If you cannot say what the shape of the score matrix or gradient is, the interviewer may doubt whether you really understand the operation.

Explain the Meaning of the Result

Do not stop at the algebra.

Examples of good interpretive endings:

  • "This gradient says we push the prediction toward the label."
  • "This estimator equals the sample mean because the Gaussian log-likelihood reduces to squared error."
  • "Using n - 1 corrects the downward bias in sample variance estimation."

That final interpretive sentence often matters as much as the derivation itself.

Common Failure Modes

1. Jumping to a Memorized Result

If the interviewer asks for a derivation and you only state the answer, it is hard for them to judge whether you could recover it under pressure.

2. Losing the Sign

This happens often in log-likelihood and cross-entropy derivations.

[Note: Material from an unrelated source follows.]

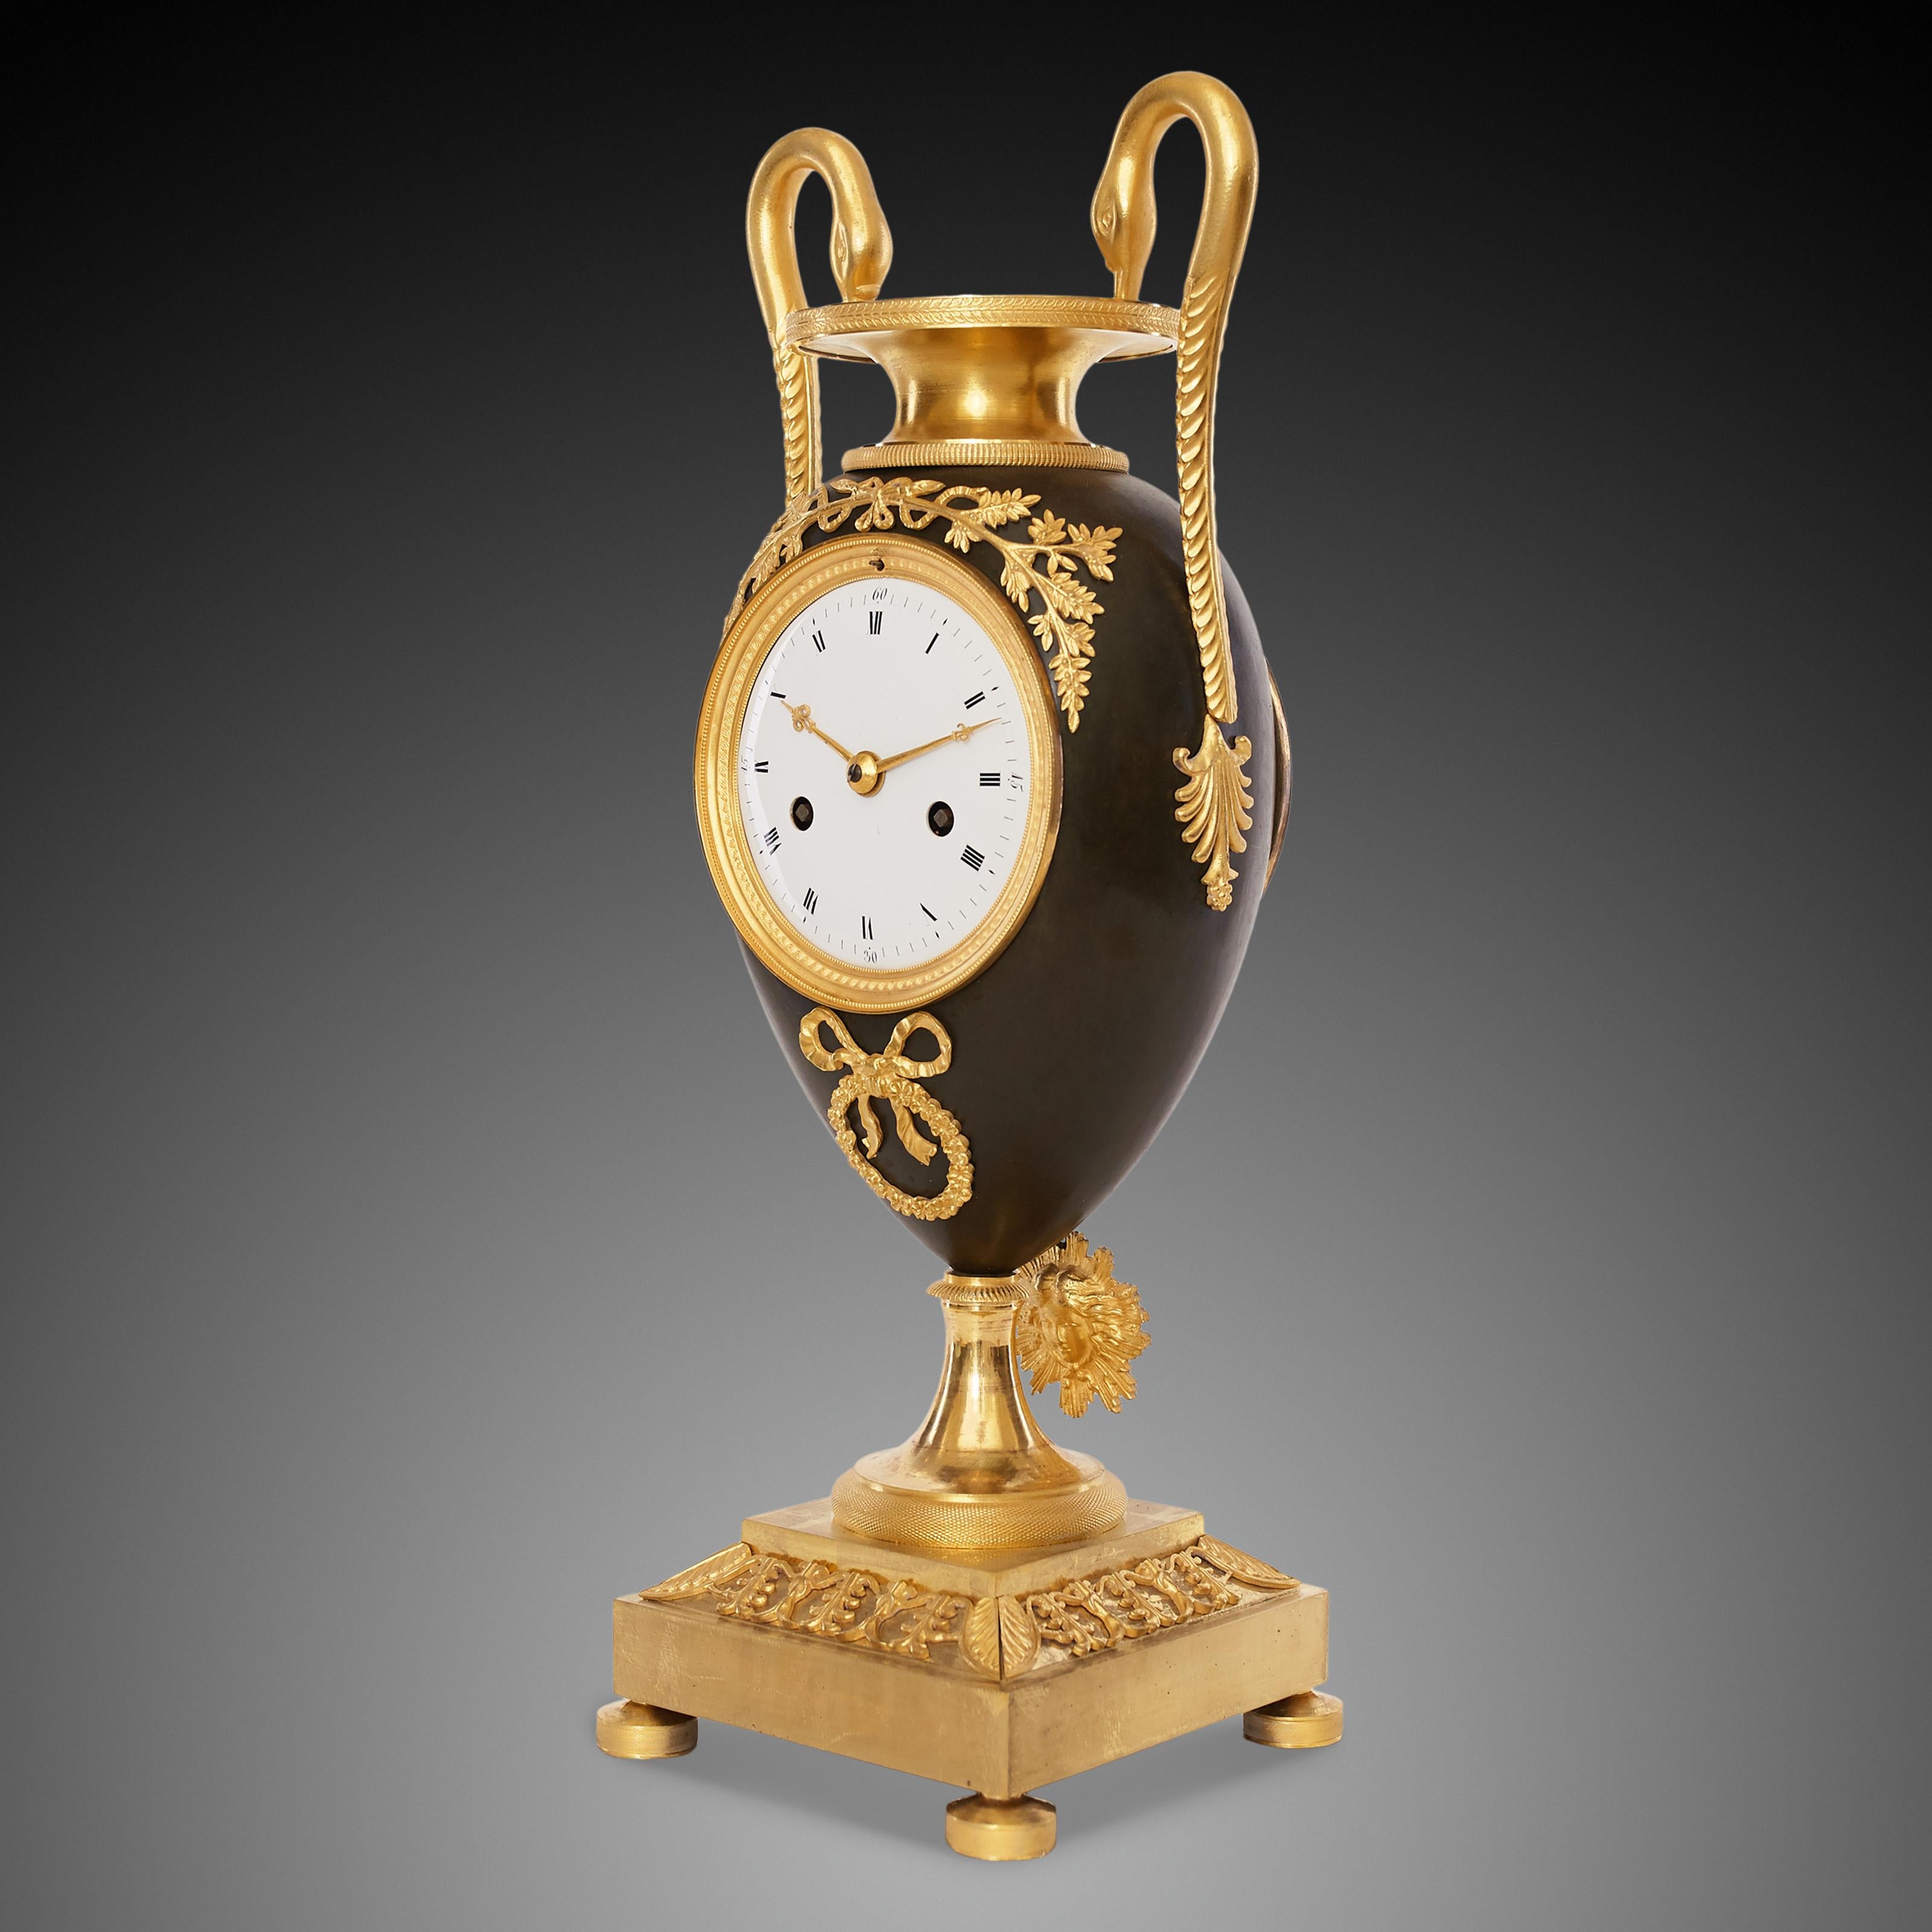 This Etruscan vase-shaped mantel clock cast from bronze with gilded elements and brown patina originated from the first half of the nineteenth century. The Empire style was based on elements of the Roman Empire and its culture, which had been

Always track whether you are maximizing likelihood or minimizing negative log-likelihood.

3. Misusing the Chain Rule

This is one of the most common issues in softmax, sigmoid, and neural-network gradients.

4. Ignoring Dimensions

An algebraic expression that has the wrong shape is usually a sign that the derivation went off track.

5. Stopping Before Interpretation

Even a correct derivation can sound incomplete if you do not explain what the expression means.

Edge Cases and Follow-Up Questions

What if you forget one algebraic step?

State the step you do remember and continue from the objective rather than freezing.

What if the interviewer asks for intuition instead of algebra?

Give the intuition first, then say you can derive it formally if they want.

What if the derivation depends on an assumption?

Say the assumption explicitly, such as:

  • i.i.d. samples
  • Gaussian noise
  • differentiability
  • full-rank covariance if relevant

What if the interviewer asks why n - 1 appears?

Do not just say "unbiased estimator."

Explain that the sample mean is estimated from the same data, which removes one degree of freedom and causes the naive 1/n estimator to underestimate variance on average.

How to Practice

  1. Cover the answer.
  2. Re-derive it on paper.
  3. Say each step out loud.
  4. Compare with the full derivation.

Standard Pattern

When deriving under pressure:

  1. Write the model.
  2. Write the objective.
  3. Differentiate the outermost term first.
  4. Apply chain rule carefully.
  5. Simplify.
  6. Check dimensions or interpretation.

What to Practice Saying Out Loud

  1. What is the objective I am differentiating?
  2. Which assumption makes this estimator form valid?
  3. What shape should this gradient or tensor have?
  4. What does the final expression mean in plain English?
  5. If I forget the final formula, can I rebuild it from first principles?